The #1 Food to Help You Poop, According to a Dietitian
Discover the top dietitian-recommended food for relieving constipation and promoting regular bowel movements naturally.

Constipation affects millions, causing discomfort, bloating, and irregular bowel movements. According to registered dietitians, increasing dietary fiber through specific foods is key to relief. The top recommendation: prunes (dried plums). Prunes stand out due to their unique combination of soluble and insoluble fiber, sorbitol, and phenolic compounds that soften stool and stimulate bowel activity.
Why Prunes Are the Best Food for Constipation Relief
Prunes are exceptionally effective because they contain about 7 grams of fiber per half-cup serving, including both types essential for digestion. Soluble fiber absorbs water to form a gel-like substance that softens stool, while insoluble fiber adds bulk to promote movement through the intestines. Additionally, prunes are rich in sorbitol, a natural sugar alcohol that draws water into the bowels, acting as a mild laxative.

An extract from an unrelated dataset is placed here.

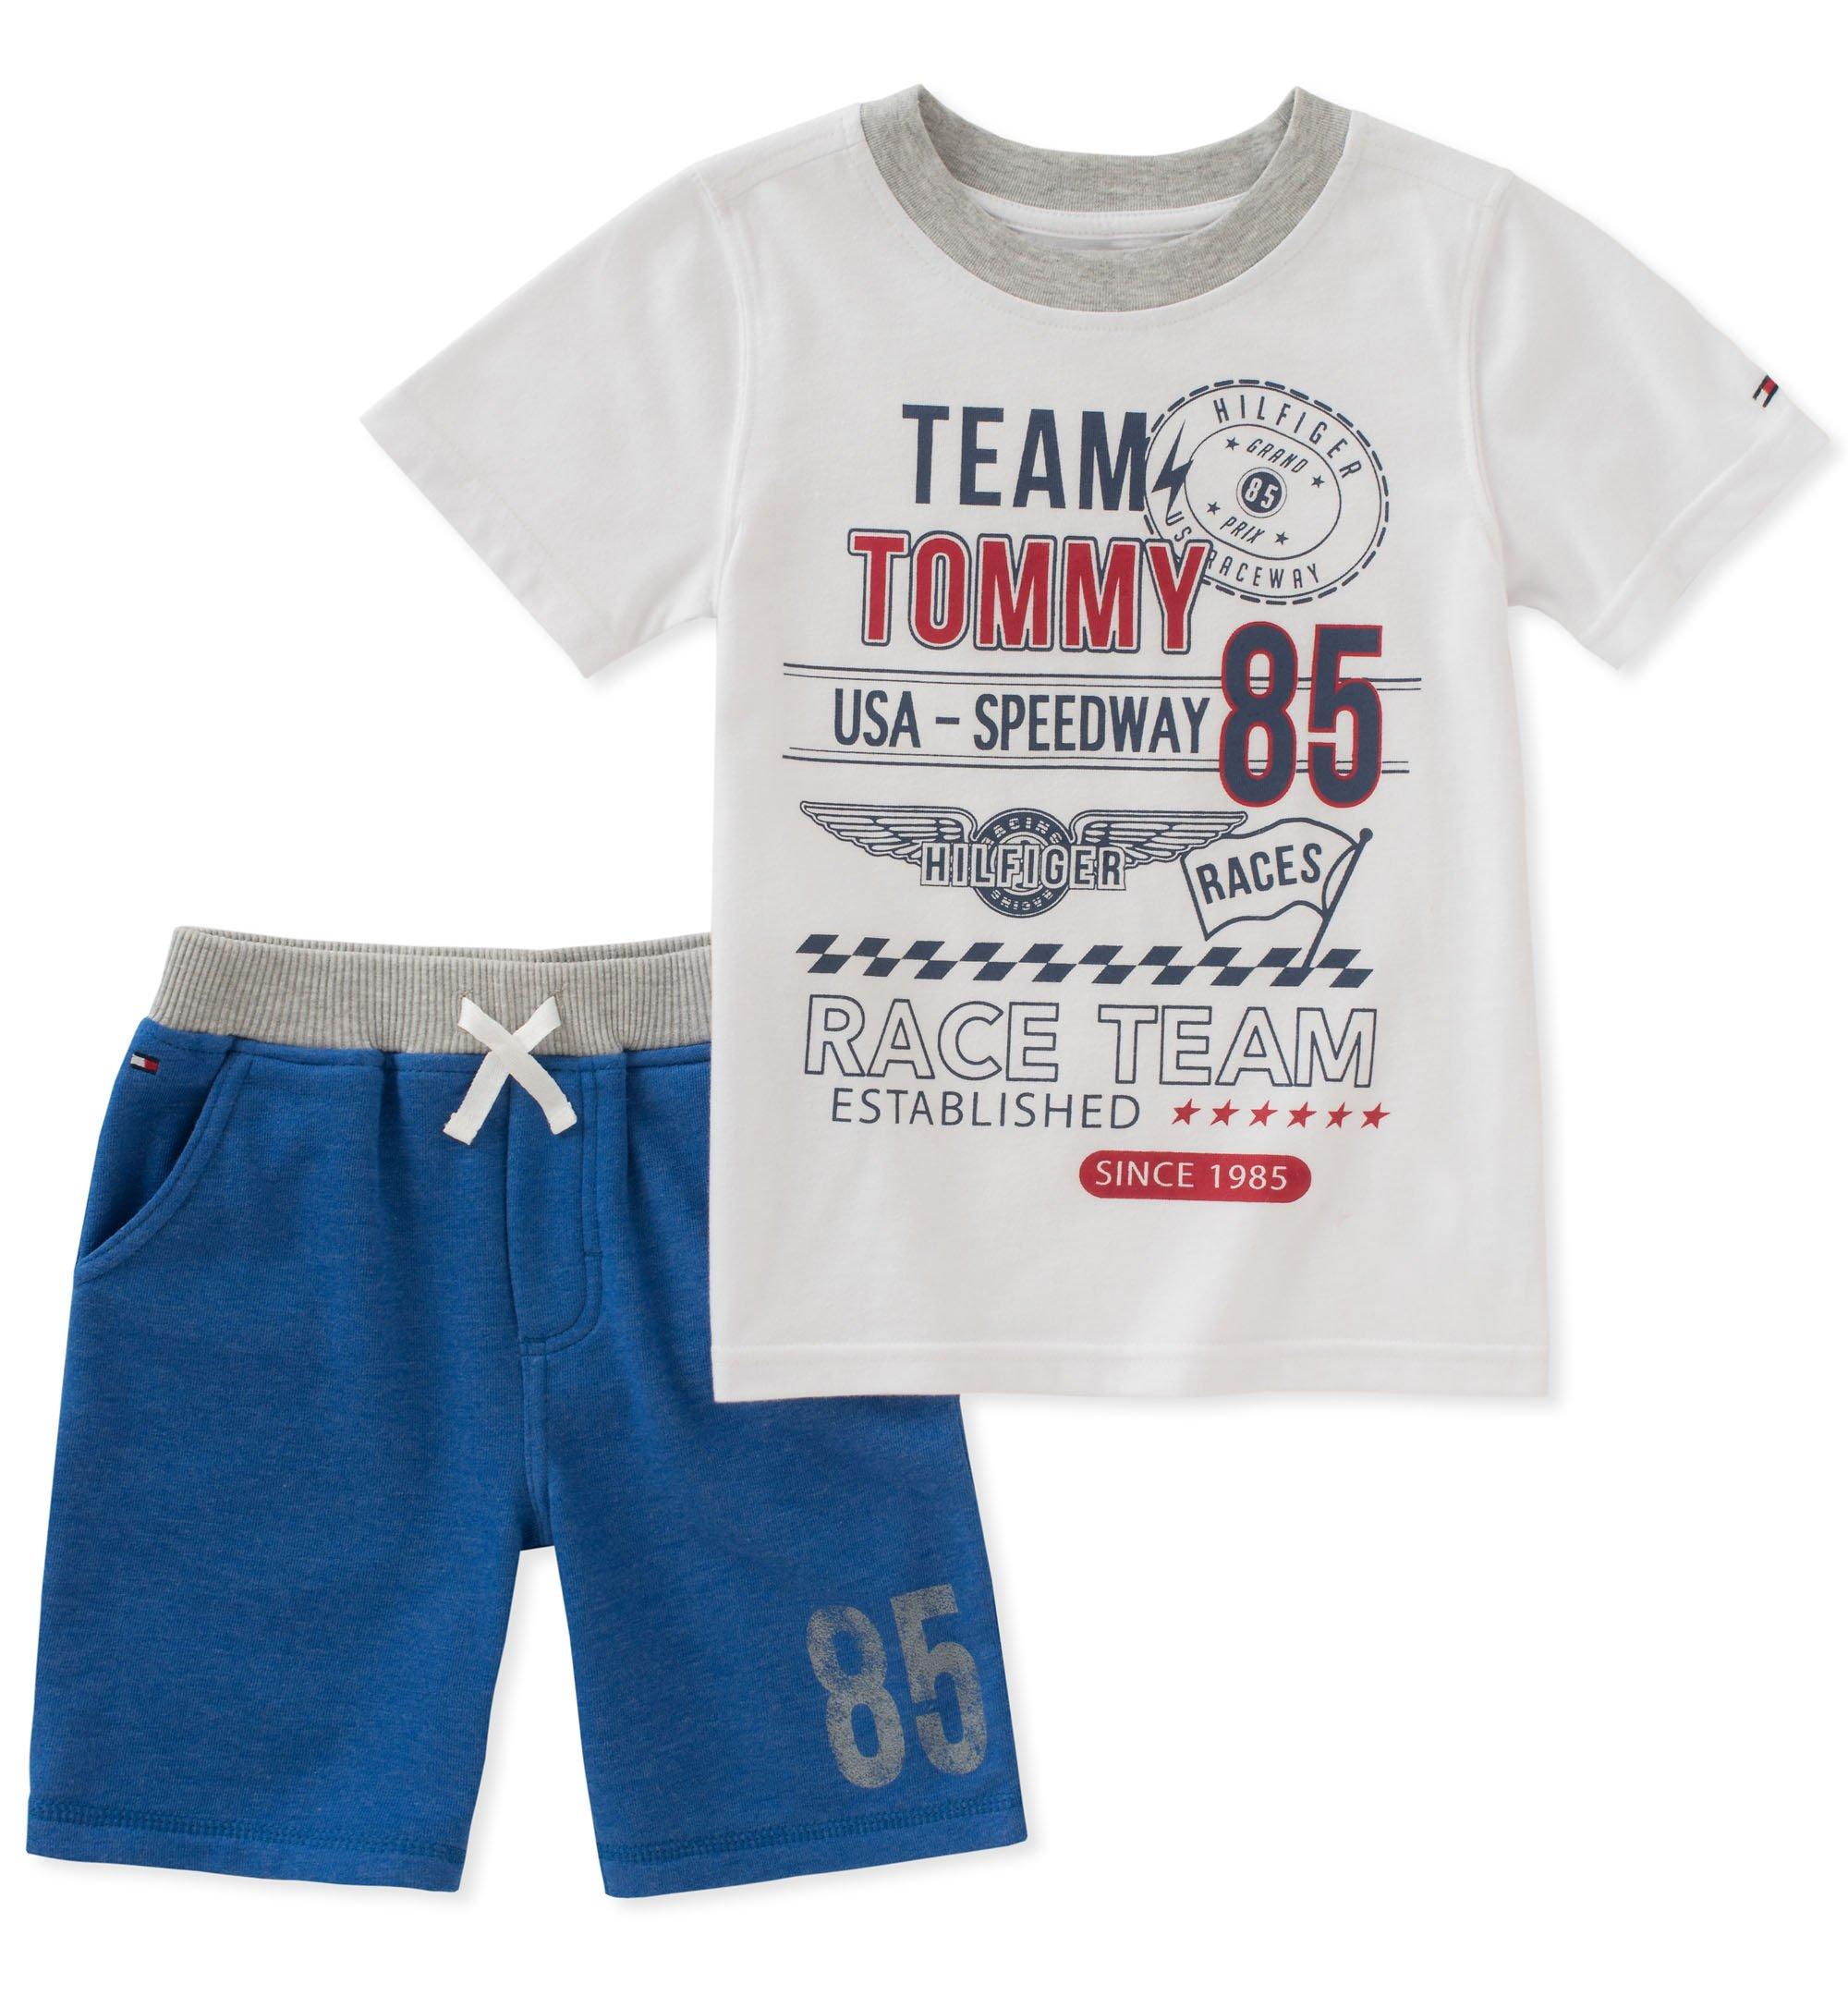 grand choix de fce5f ad33d Tommy Hilfiger Baby Boys 2 Pieces Shorts Set, White/Blue, 12M

Research from the National Institute of Diabetes and Digestive and Kidney Diseases (NIDDK) supports prunes as a top fiber source alongside fruits like berries and apples. A study highlighted by dietitians notes prunes outperform other fruits in promoting regularity due to their phenolic compounds, which have prebiotic effects, feeding beneficial gut bacteria.
- High fiber content: 3 grams per 5-6 prunes, aiding stool bulk.
- Sorbitol: 15 grams per 100g, pulling water into the colon.
- Phenolics: Improve gut motility and microbiome health.
Dietitians recommend starting with 5-10 prunes daily, gradually increasing to avoid gas or bloating.
How Prunes Work to Relieve Constipation
When consumed, prunes’ fiber ferments in the large intestine, producing short-chain fatty acids that stimulate colon contractions. Sorbitol remains undigested, osmotically retaining water to ease passage. This dual action makes prunes superior to many supplements.
Unlike harsh laxatives, prunes provide sustained relief without dependency. The Academy of Nutrition and Dietetics emphasizes variety in fiber sources but crowns prunes for their efficacy in clinical settings. Pairing with adequate hydration amplifies effects, as fiber needs water to function optimally.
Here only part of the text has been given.